Bajé los escalones para saludarlo. Me miró con indiferencia, asintiendo levemente cuando lo saludé cortésmente, y luego subió en silencio hacia el pueblo. "¿Vienes aquí para admirar el paisaje?", preguntó, mirando distraídamente la cámara que llevaba en mi mochila. "Es precioso, saca muchas fotos", dijo, abriendo su bolsa de tela y sacando una botella de vino y una de agua.
¿Es usted de por aquí, señor/señora?
No. Al sur
- Sí, ¿en qué provincia?
- Thai Binh. Vivo en el distrito de...
Mientras hablaba, el anciano hizo una pausa, señalando hacia abajo, hacia las afueras del pueblo, donde marchaba un grupo de soldados con mochilas y fusiles. Suspiró suavemente e inclinó la cabeza.

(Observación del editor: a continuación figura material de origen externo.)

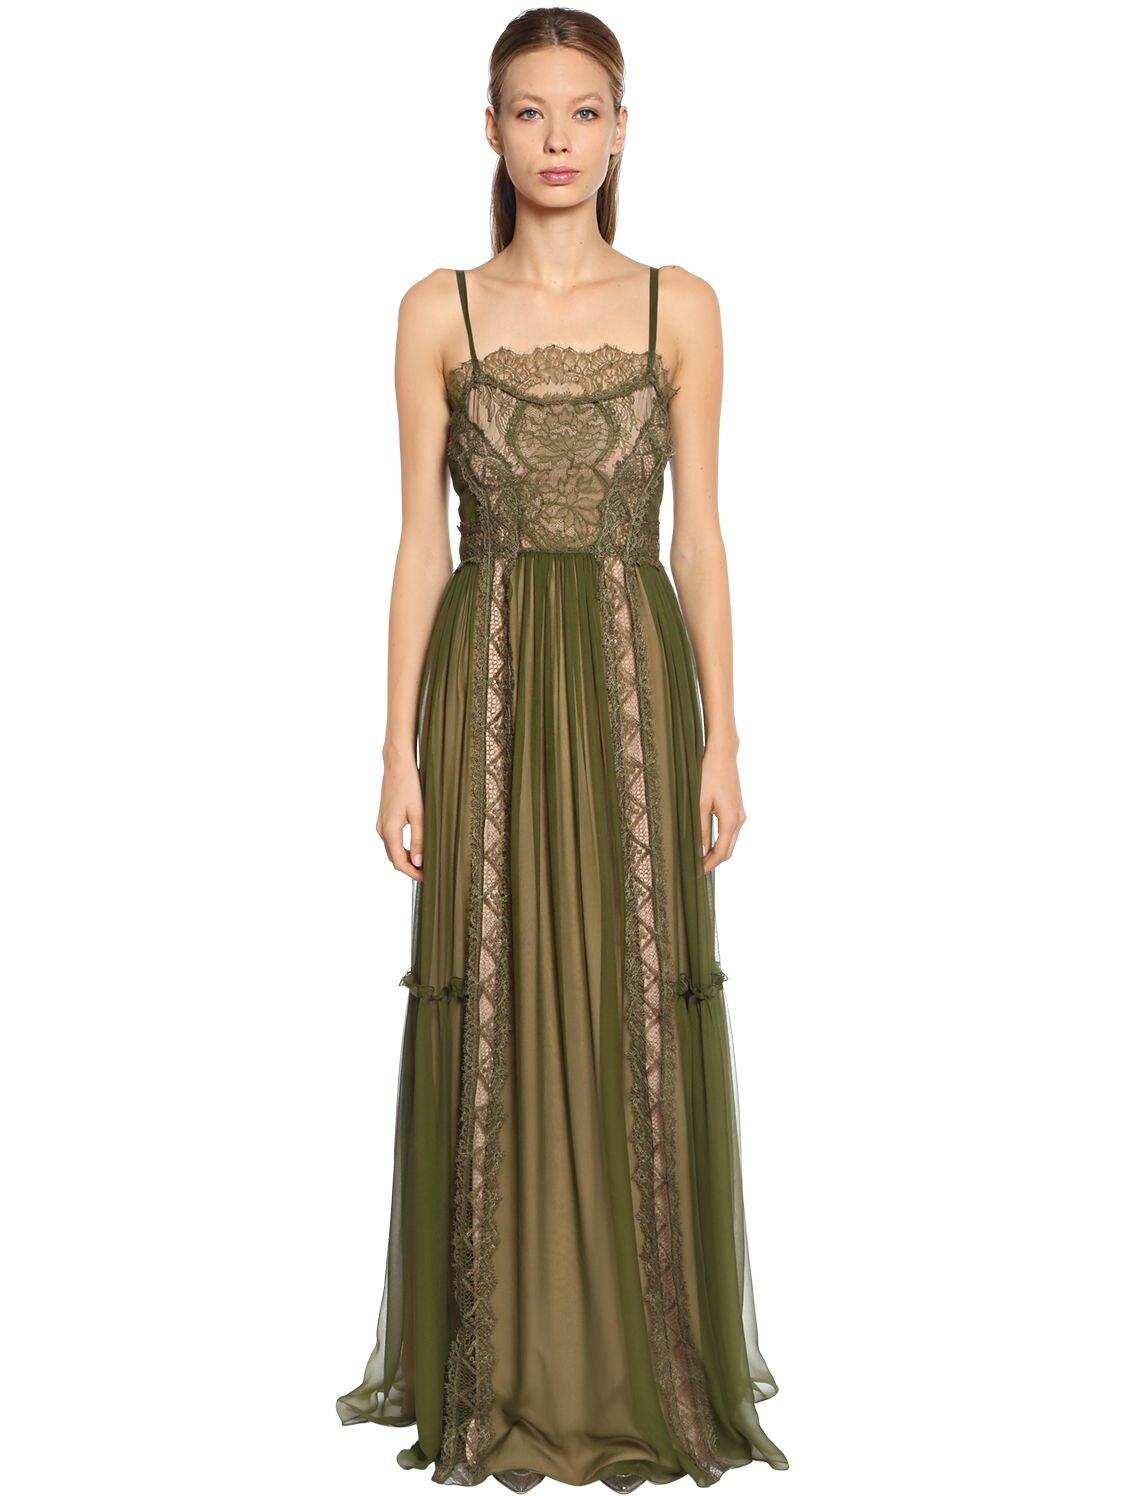 Alberta Ferretti Silk Chiffon & Lace Gown in Green - Lyst

¿Él también fue un soldado que luchó contra los estadounidenses?
—Sí —dijo, sirviéndome dos copas de vino y ofreciéndomelas—. Es un buen vino. Levantó su copa y luego la dejó sobre la mesa, sumido en sus pensamientos—. Es tan triste, mejor no hablemos más de ello.

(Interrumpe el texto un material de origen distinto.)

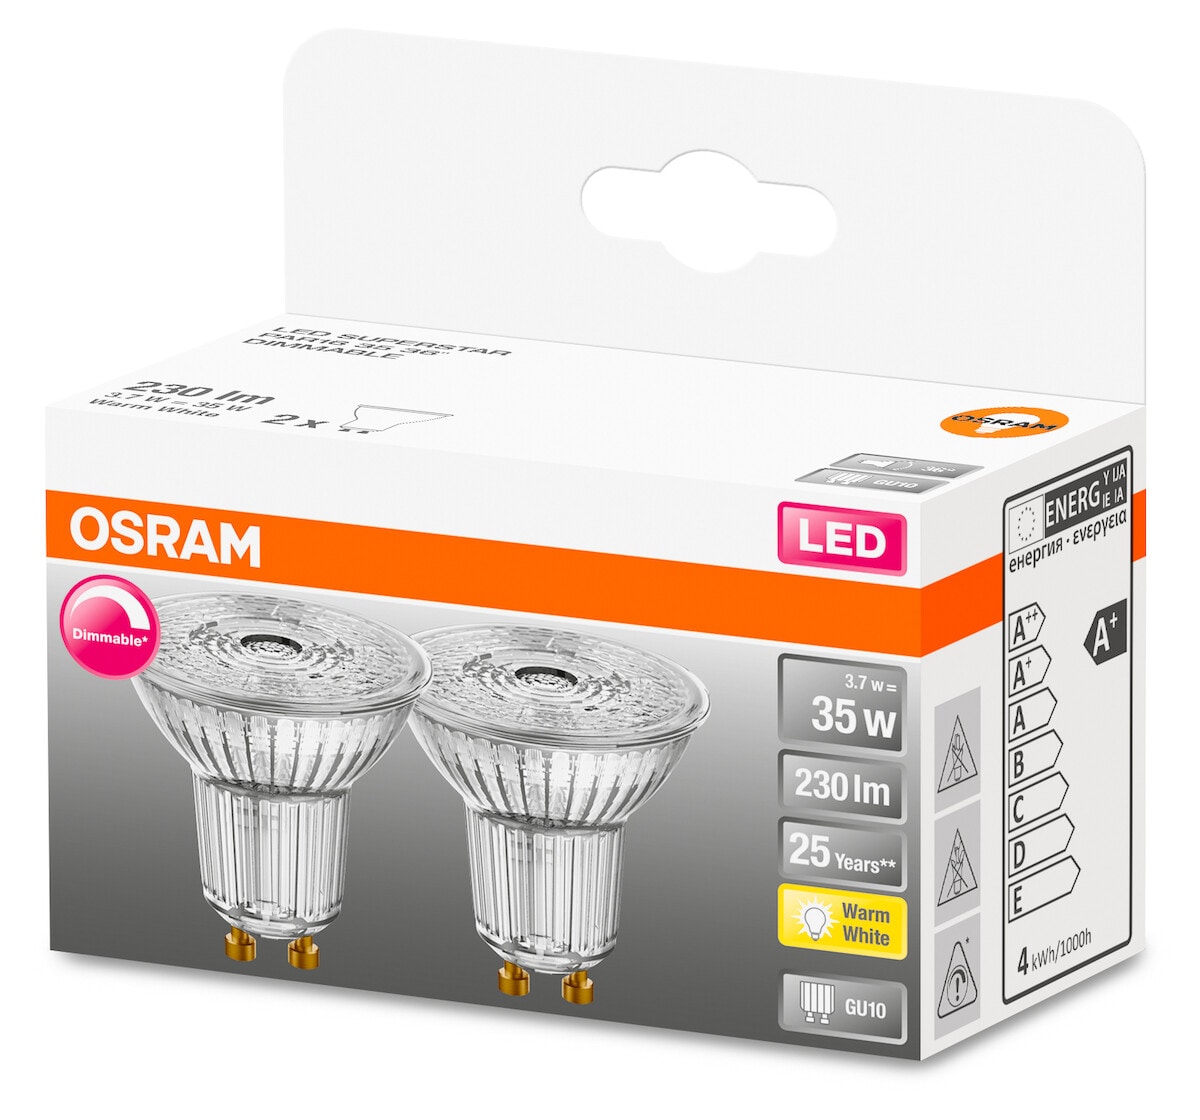 Dimbar LED GU10 Osram, 2-pack

Me intrigó esa frase: «No lo vuelvas a mencionar». ¿Podría referirse a la guerra contra Estados Unidos? Seguramente albergaba alguna tristeza oculta en su corazón.
Tras un momento de silencio, el anciano dijo en voz baja:
- Esta es la historia...
Así que, en lugar de dar un paseo y hacer turismo en la playa de Bai Cao, escuché la historia del anciano…
*
* *
Hace más de cincuenta años, el joven Sang, que ahora es el Sr. Vuot, cargaba una mochila llena de piedras, con su rifle AK colgando a veces sobre su pecho, a veces sobre su hombro, marchando a través de arroyos y a lo largo de las laderas de las montañas durante su entrenamiento básico en una zona montañosa como esta montaña Coc.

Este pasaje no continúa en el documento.